(About this task) Your answer should be the line that contains "Mens Sweaters and" and each line after it, restated word for word through the final line of the entries.

-----

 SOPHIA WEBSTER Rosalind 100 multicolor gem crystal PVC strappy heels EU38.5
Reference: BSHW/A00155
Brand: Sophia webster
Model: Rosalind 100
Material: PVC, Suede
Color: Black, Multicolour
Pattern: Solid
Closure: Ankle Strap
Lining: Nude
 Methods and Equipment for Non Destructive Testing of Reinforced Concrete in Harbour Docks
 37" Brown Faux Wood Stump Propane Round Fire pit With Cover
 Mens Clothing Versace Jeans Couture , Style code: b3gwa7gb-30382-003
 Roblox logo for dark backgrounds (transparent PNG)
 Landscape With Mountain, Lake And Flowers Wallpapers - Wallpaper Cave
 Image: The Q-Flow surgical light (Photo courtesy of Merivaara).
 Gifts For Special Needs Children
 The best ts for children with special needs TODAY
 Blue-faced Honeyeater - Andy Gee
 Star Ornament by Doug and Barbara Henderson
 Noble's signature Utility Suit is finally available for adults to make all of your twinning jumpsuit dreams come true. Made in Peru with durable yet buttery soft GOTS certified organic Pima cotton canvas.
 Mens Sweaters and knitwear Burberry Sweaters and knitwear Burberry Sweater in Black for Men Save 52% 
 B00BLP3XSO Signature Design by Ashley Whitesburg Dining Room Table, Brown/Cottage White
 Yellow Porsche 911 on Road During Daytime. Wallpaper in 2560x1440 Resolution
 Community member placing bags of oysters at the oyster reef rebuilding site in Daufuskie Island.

-----

(Output of the task)
 Mens Sweaters and knitwear Burberry Sweaters and knitwear Burberry Sweater in Black for Men Save 52% 
 B00BLP3XSO Signature Design by Ashley Whitesburg Dining Room Table, Brown/Cottage White
 Yellow Porsche 911 on Road During Daytime. Wallpaper in 2560x1440 Resolution
 Community member placing bags of oysters at the oyster reef rebuilding site in Daufuskie Island.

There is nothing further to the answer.